If you don't like to setup the conda environment afresh.

remotes::install_github("chainsawriot/grafzahl@windows")
require(grafzahl)
Sys.setenv("GRAFZAHL_MINICONDA_PATH" = "C:\Users\ur21m712\AppData\Local\miniconda3")
detect_conda()
detect_cuda()
model <- grafzahl(unciviltweets, model_type = "bertweet", model_name = "vinai/bertweet-base")
ureber commented 1 year ago

Thanks for the quick support. I tried both options. First the latter one, without a new installation of conda. As before, detect_conda() returned FALSE. I then ran the setup again, which produced the following error. Running detect_conda() led to TRUE, however.

Error in py_run_file_impl(file, local, convert) : ModuleNotFoundError: No module named 'transformers.models.mmbt'

chainsawriot commented 1 year ago

And yes, I found this issue while fixing this: ThilinaRajapakse/simpletransformers#1539

And the CPU support in the pull request has a temp. fix #25 to this.

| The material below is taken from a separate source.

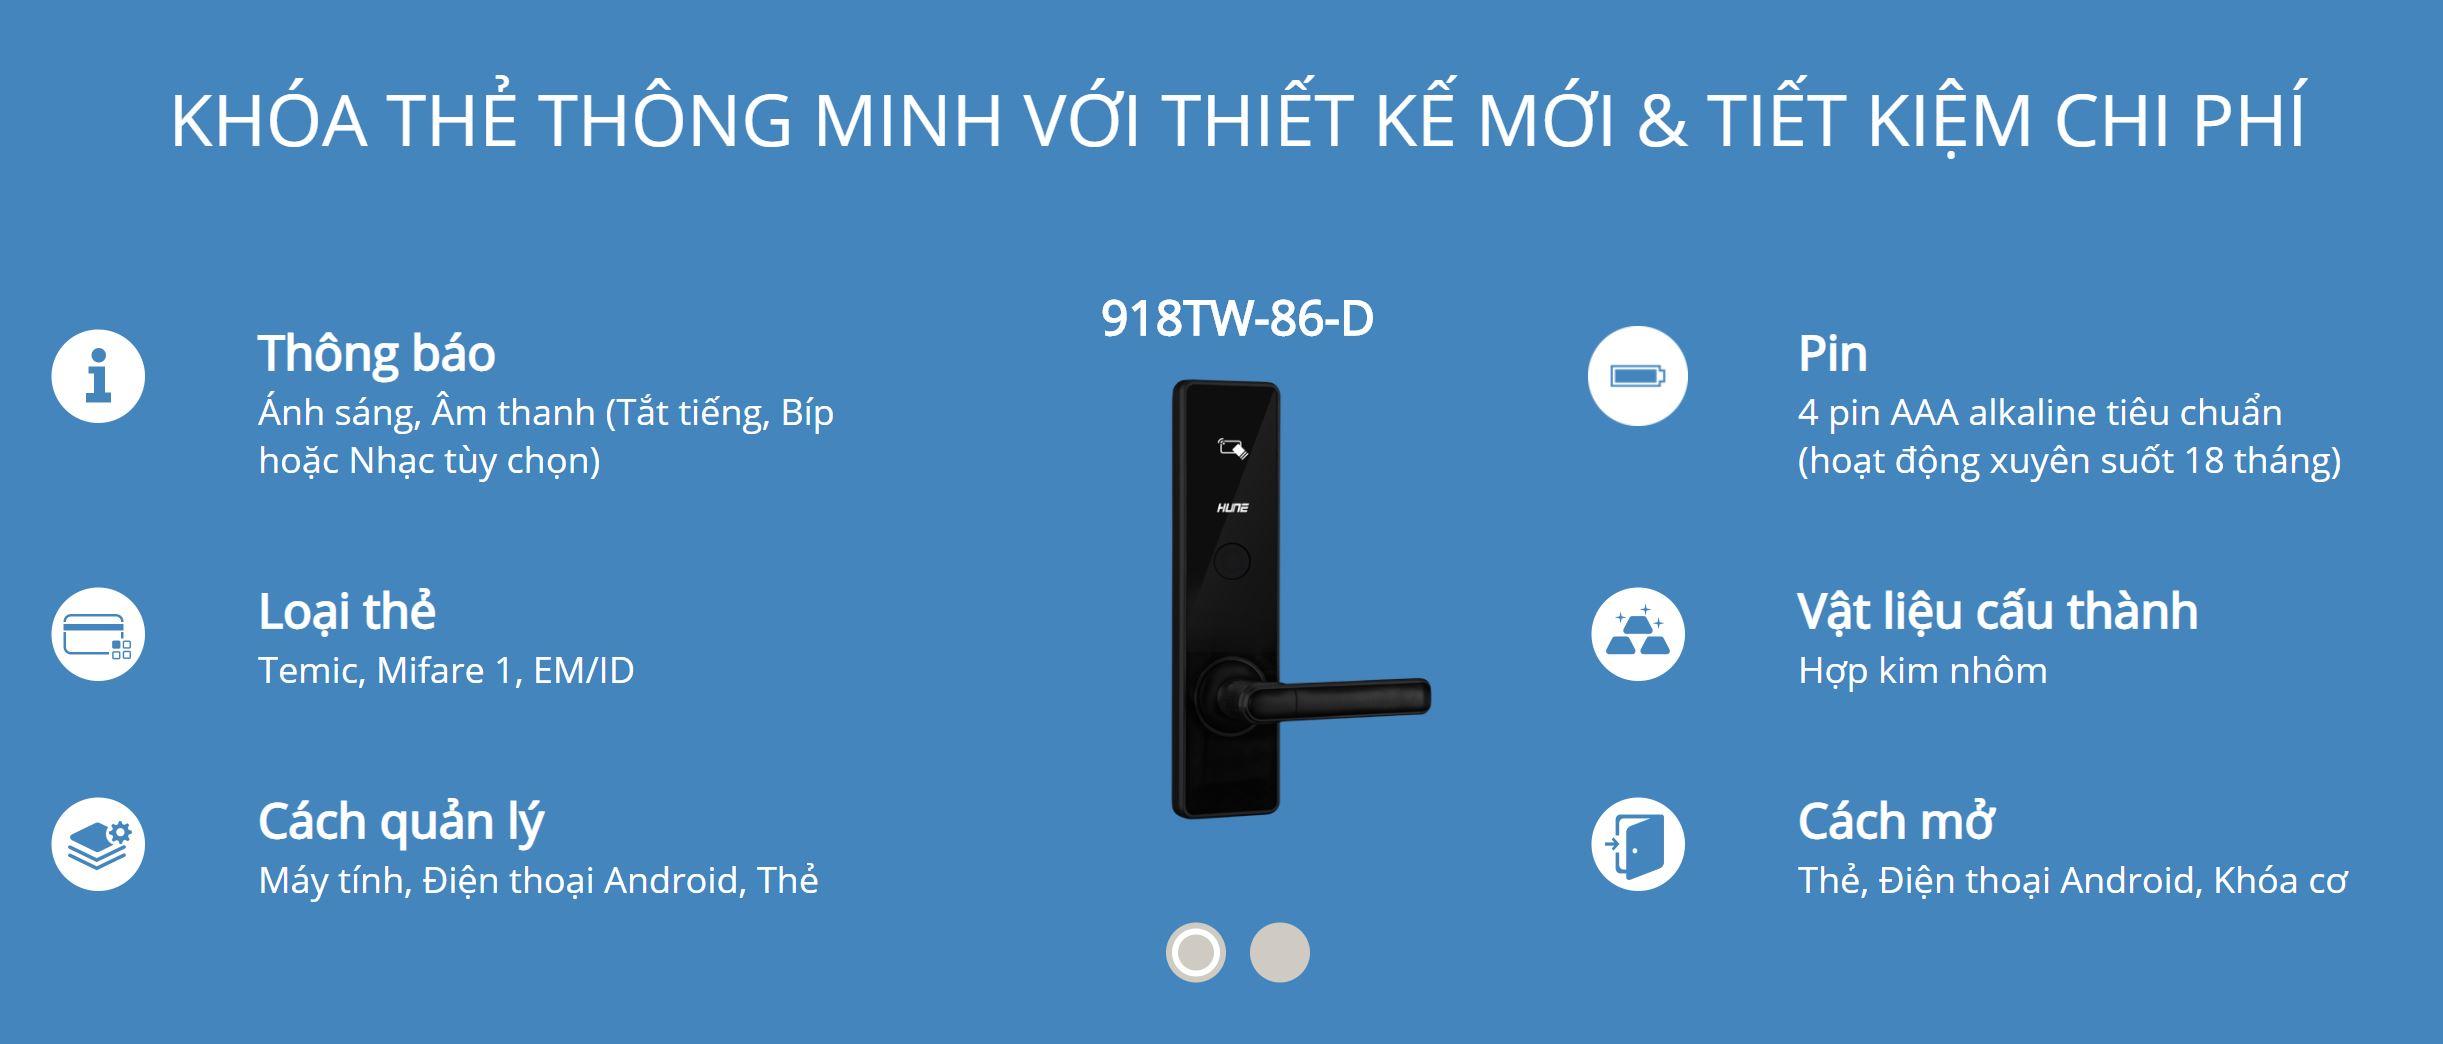 Thông tin kỹ thuật khóa thẻ Hune 918-86-D

In order to fix this in your GPU miniconda install now, with your Conda console

conda activate grafzahl_condaenv_cuda
python -m pip uninstall simpletransformers
python -m pip uninstall transformers
python -m pip uninstall scipy
python -m pip install simpletransformers "transformers==4.30.2" "scipy==1.10.1"
conda deactivate
ureber commented 1 year ago

This made it work! Both detect_conda() and detect_cuda() now return TRUE and also fine-tuning the model with grafzahl() works. I'm not entirely sure which installation it's running on, although judging by the speed, it's probably the GPU one.